# ASSIGNMENT:
Every entry below, from first to last, should be copied exactly.

───── MATERIAL TO PROCESS

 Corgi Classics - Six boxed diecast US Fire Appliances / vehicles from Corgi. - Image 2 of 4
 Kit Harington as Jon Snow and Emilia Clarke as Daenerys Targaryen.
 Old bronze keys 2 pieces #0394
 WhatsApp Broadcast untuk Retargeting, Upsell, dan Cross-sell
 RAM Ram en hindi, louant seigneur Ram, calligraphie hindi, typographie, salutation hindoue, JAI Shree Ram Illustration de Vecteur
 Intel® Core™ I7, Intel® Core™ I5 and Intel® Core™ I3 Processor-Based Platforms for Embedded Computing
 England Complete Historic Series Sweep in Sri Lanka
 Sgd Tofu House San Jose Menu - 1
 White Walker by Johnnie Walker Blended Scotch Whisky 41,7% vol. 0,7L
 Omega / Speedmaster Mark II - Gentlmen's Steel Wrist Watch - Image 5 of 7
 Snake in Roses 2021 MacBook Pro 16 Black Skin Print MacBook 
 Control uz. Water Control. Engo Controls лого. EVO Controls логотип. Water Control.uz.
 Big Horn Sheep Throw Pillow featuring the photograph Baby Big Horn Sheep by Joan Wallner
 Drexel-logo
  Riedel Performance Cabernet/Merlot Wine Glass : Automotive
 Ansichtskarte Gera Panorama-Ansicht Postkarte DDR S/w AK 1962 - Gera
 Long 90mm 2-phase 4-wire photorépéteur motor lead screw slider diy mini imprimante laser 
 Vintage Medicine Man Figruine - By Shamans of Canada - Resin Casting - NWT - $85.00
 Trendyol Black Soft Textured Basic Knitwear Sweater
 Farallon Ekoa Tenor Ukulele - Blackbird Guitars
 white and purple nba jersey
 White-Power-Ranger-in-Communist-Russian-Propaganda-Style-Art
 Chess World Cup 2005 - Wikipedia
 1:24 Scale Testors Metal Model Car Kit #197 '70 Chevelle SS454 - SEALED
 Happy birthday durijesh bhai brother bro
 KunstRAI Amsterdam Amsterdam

──────────

# TASK SOLUTION:
 Corgi Classics - Six boxed diecast US Fire Appliances / vehicles from Corgi. - Image 2 of 4
 Kit Harington as Jon Snow and Emilia Clarke as Daenerys Targaryen.
 Old bronze keys 2 pieces #0394
 WhatsApp Broadcast untuk Retargeting, Upsell, dan Cross-sell
 RAM Ram en hindi, louant seigneur Ram, calligraphie hindi, typographie, salutation hindoue, JAI Shree Ram Illustration de Vecteur
 Intel® Core™ I7, Intel® Core™ I5 and Intel® Core™ I3 Processor-Based Platforms for Embedded Computing
 England Complete Historic Series Sweep in Sri Lanka
 Sgd Tofu House San Jose Menu - 1
 White Walker by Johnnie Walker Blended Scotch Whisky 41,7% vol. 0,7L
 Omega / Speedmaster Mark II - Gentlmen's Steel Wrist Watch - Image 5 of 7
 Snake in Roses 2021 MacBook Pro 16 Black Skin Print MacBook 
 Control uz. Water Control. Engo Controls лого. EVO Controls логотип. Water Control.uz.
 Big Horn Sheep Throw Pillow featuring the photograph Baby Big Horn Sheep by Joan Wallner
 Drexel-logo
  Riedel Performance Cabernet/Merlot Wine Glass : Automotive
 Ansichtskarte Gera Panorama-Ansicht Postkarte DDR S/w AK 1962 - Gera
 Long 90mm 2-phase 4-wire photorépéteur motor lead screw slider diy mini imprimante laser 
 Vintage Medicine Man Figruine - By Shamans of Canada - Resin Casting - NWT - $85.00
 Trendyol Black Soft Textured Basic Knitwear Sweater
 Farallon Ekoa Tenor Ukulele - Blackbird Guitars
 white and purple nba jersey
 White-Power-Ranger-in-Communist-Russian-Propaganda-Style-Art
 Chess World Cup 2005 - Wikipedia
 1:24 Scale Testors Metal Model Car Kit #197 '70 Chevelle SS454 - SEALED
 Happy birthday durijesh bhai brother bro
 KunstRAI Amsterdam Amsterdam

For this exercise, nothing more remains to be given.